When I run this very simple query:
db.myCollection.find().limit(5);
It takes only few miliseconds.
But when I use skip in the query:
db.myCollection.find().skip(200000).limit(5)
It won't return anything... it runs for minutes and returns nothing.
How to make it better?
One approach to this problem, if you have large quantities of documents and you are displaying them in sorted order (I'm not sure how useful skip is if you're not) would be to use the key you're sorting on to select the next page of results.
So if you start with
db.myCollection.find().limit(100).sort({created_date:true});
and then extract the created date of the last document returned by the cursor into a variable max_created_date_from_last_result, you can get the next page with the far more efficient (presuming you have an index on created_date) query
db.myCollection.find({created_date : { $gt : max_created_date_from_last_result } }).limit(100).sort({created_date:true});
From MongoDB documentation:
Paging Costs
Unfortunately skip can be (very) costly and requires the server to walk from the beginning of the collection, or index, to get to the offset/skip position before it can start returning the page of data (limit). As the page number increases skip will become slower and more cpu intensive, and possibly IO bound, with larger collections.
Range based paging provides better use of indexes but does not allow you to easily jump to a specific page.
You have to ask yourself a question: how often do you need 40000th page?

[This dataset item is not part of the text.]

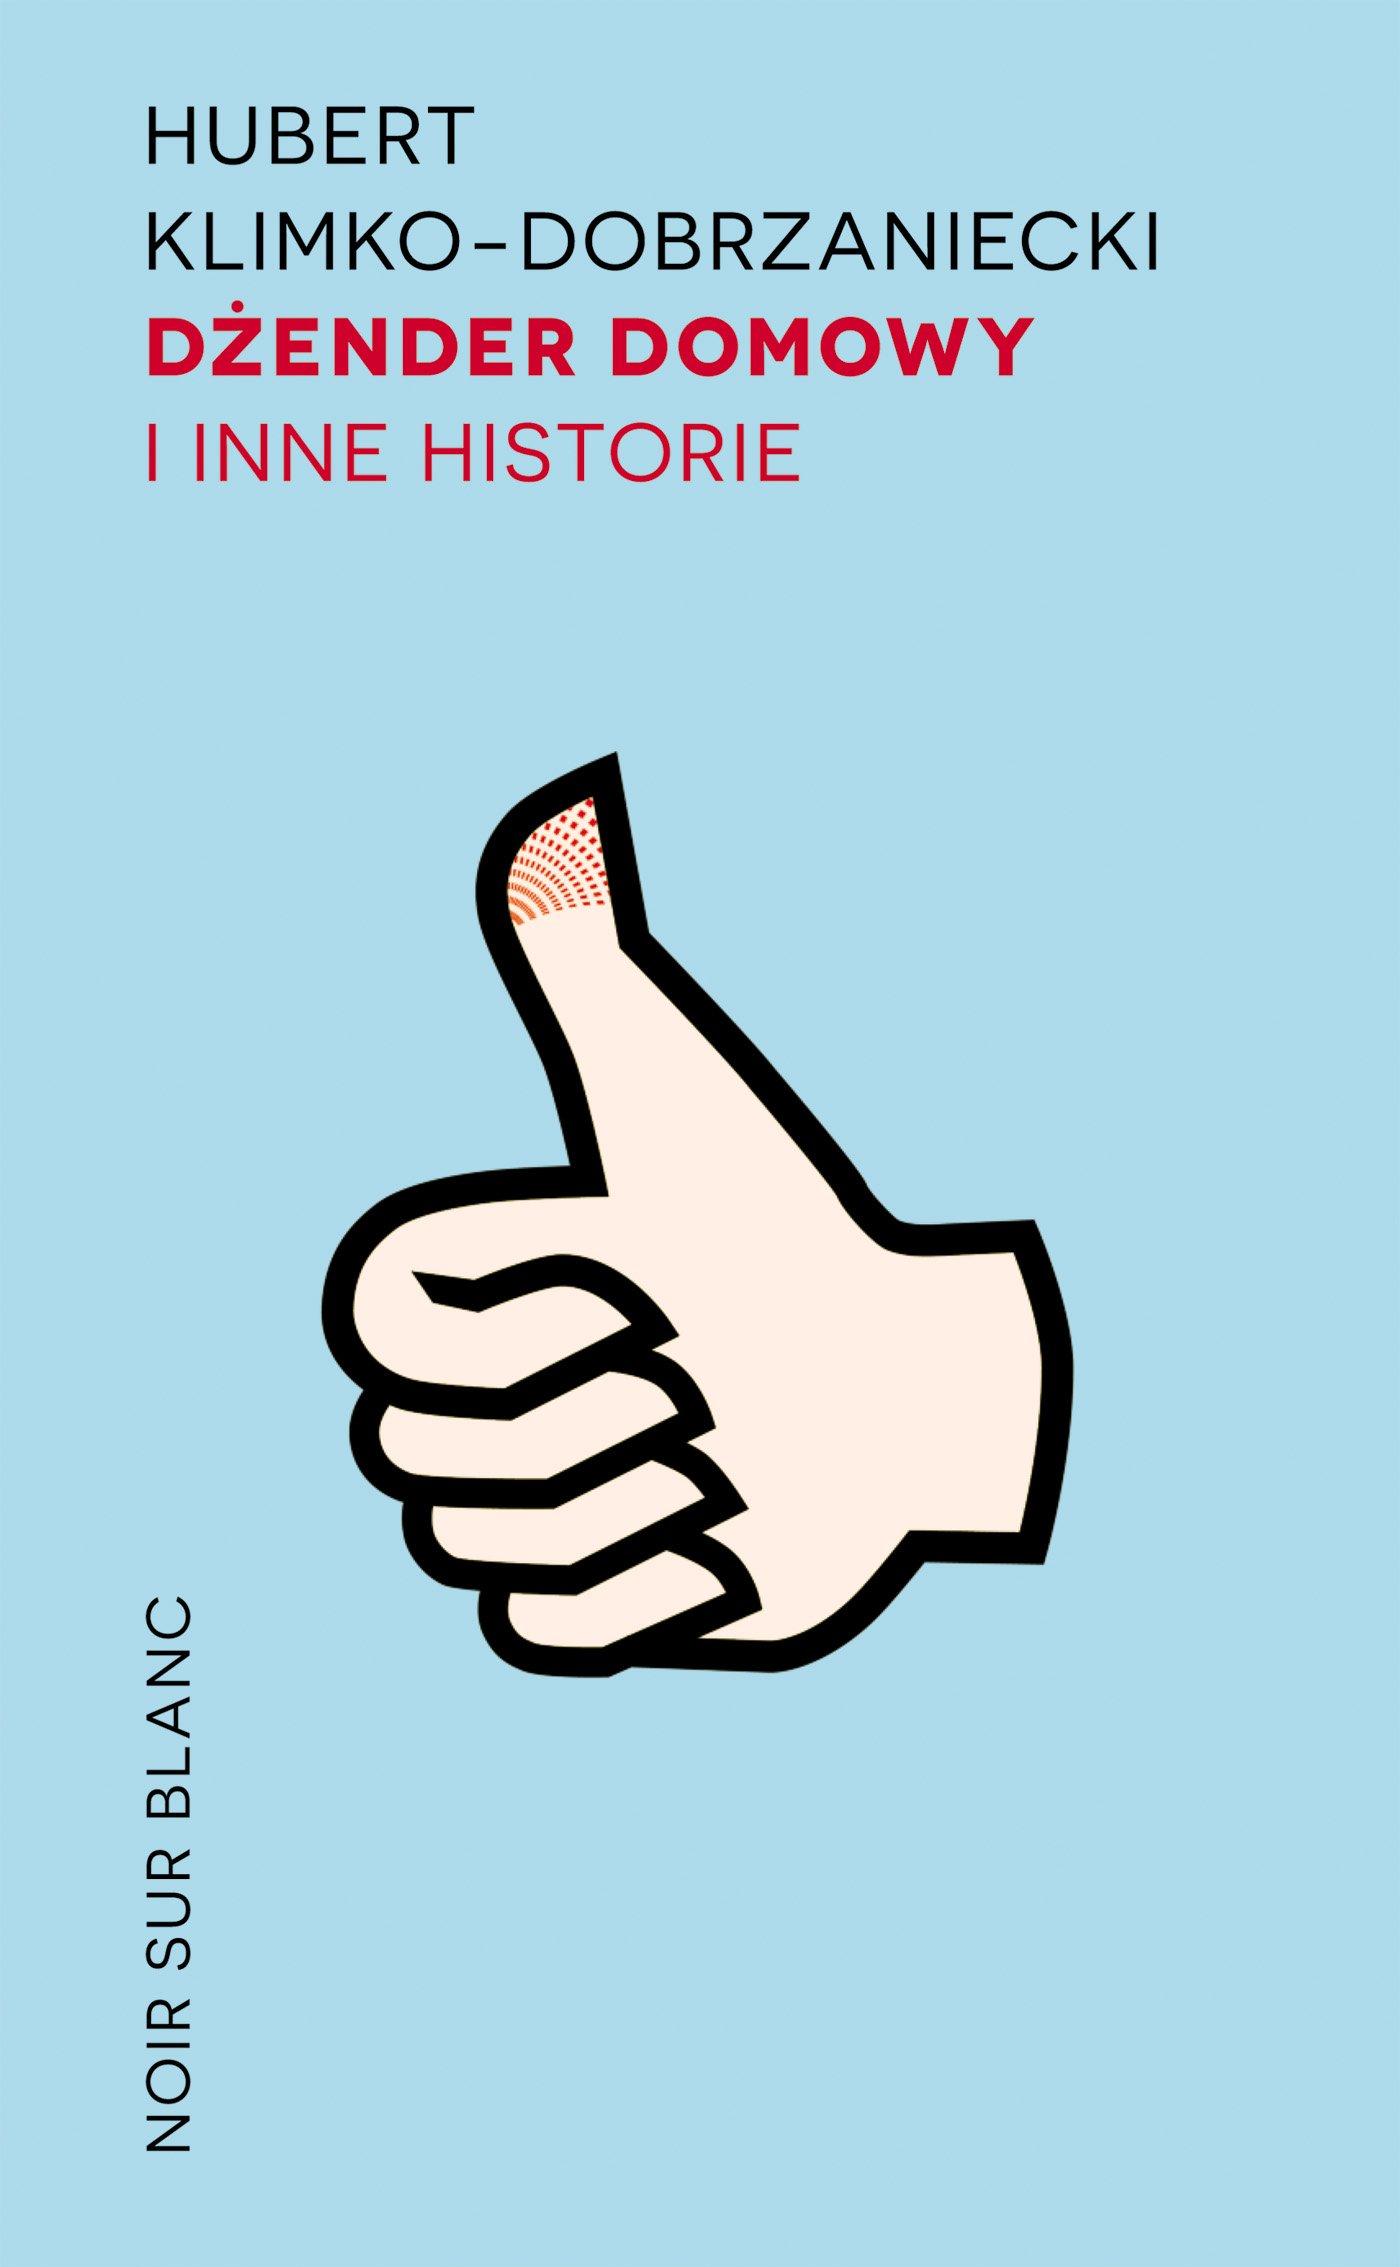 Dżender domowy i inne historie - Ebook (Książka na Kindle) do pobrania w formacie MOBI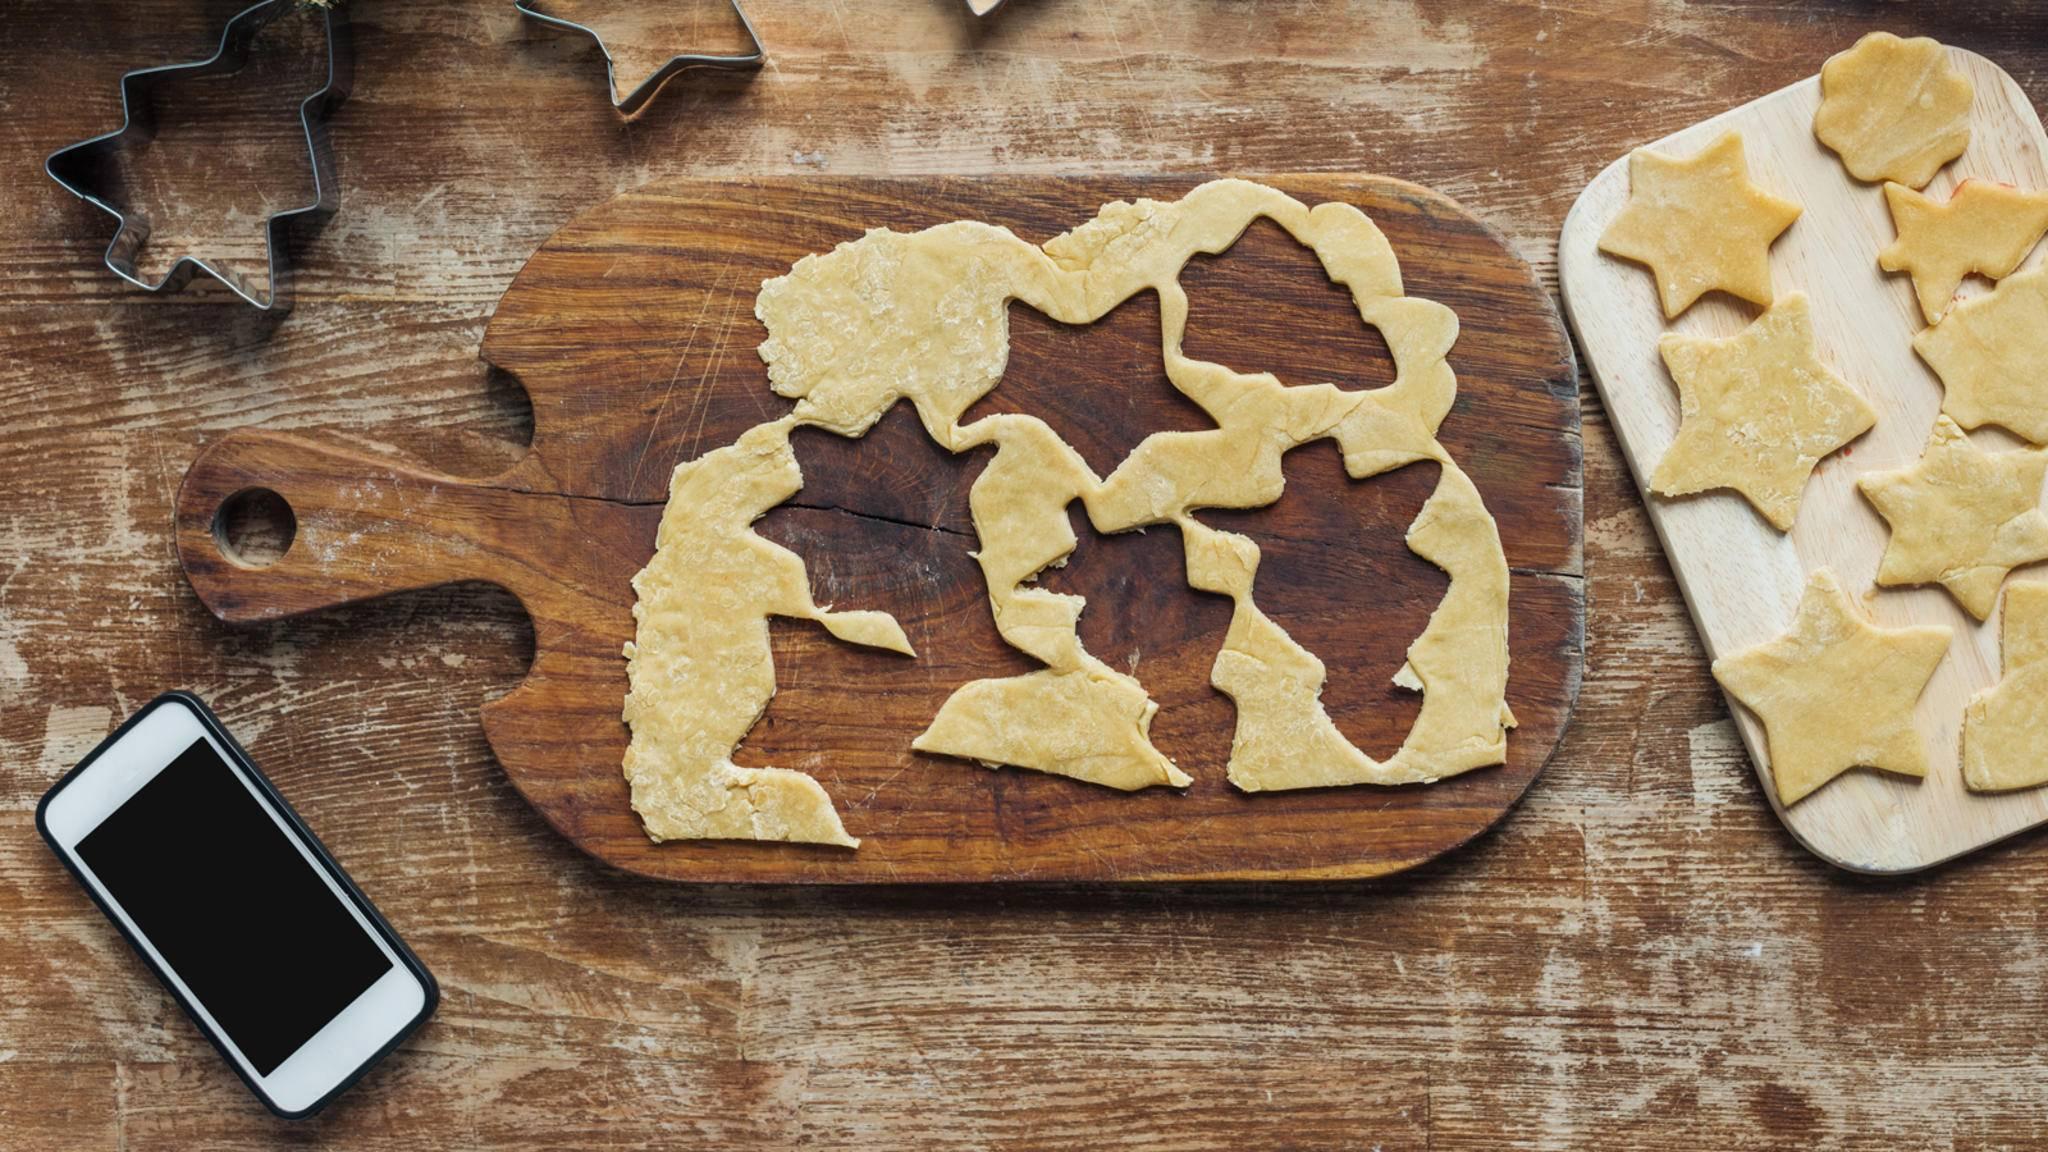 kekse backen weihnachten plätzchen

Also see this article;
I found it performant to combine the two concepts together (both a skip+limit and a find+limit). The problem with skip+limit is poor performance when you have a lot of docs (especially larger docs). The problem with find+limit is you can't jump to an arbitrary page. I want to be able to paginate without doing it sequentially.
The steps I take are:
Create an index based on how you want to sort your docs, or just use the default _id index (which is what I used)
Know the starting value, page size and the page you want to jump to
Project + skip + limit the value you should start from
Find + limit the page's results
It looks roughly like this if I want to get page 5432 of 16 records (in javascript):
let page = 5432;
let page_size = 16;
let skip_size = page * page_size;
let retval = await db.collection(...).find().sort({ "_id": 1 }).project({ "_id": 1 }).skip(skip_size).limit(1).toArray();
let start_id = retval[0].id;
retval = await db.collection(...).find({ "_id": { "$gte": new mongo.ObjectID(start_id) } }).sort({ "_id": 1 }).project(...).limit(page_size).toArray();
This works because a skip on a projected index is very fast even if you are skipping millions of records (which is what I'm doing). if you run explain("executionStats"), it still has a large number for totalDocsExamined but because of the projection on an index, it's extremely fast (essentially, the data blobs are never examined). Then with the value for the start of the page in hand, you can fetch the next page very quickly.
i connected two answer.
the problem is when you using skip and limit, without sort, it just pagination by order of table in the same sequence as you write data to table so engine needs make first temporary index. is better using ready _id index :) You need use sort by _id. Than is very quickly with large tables like.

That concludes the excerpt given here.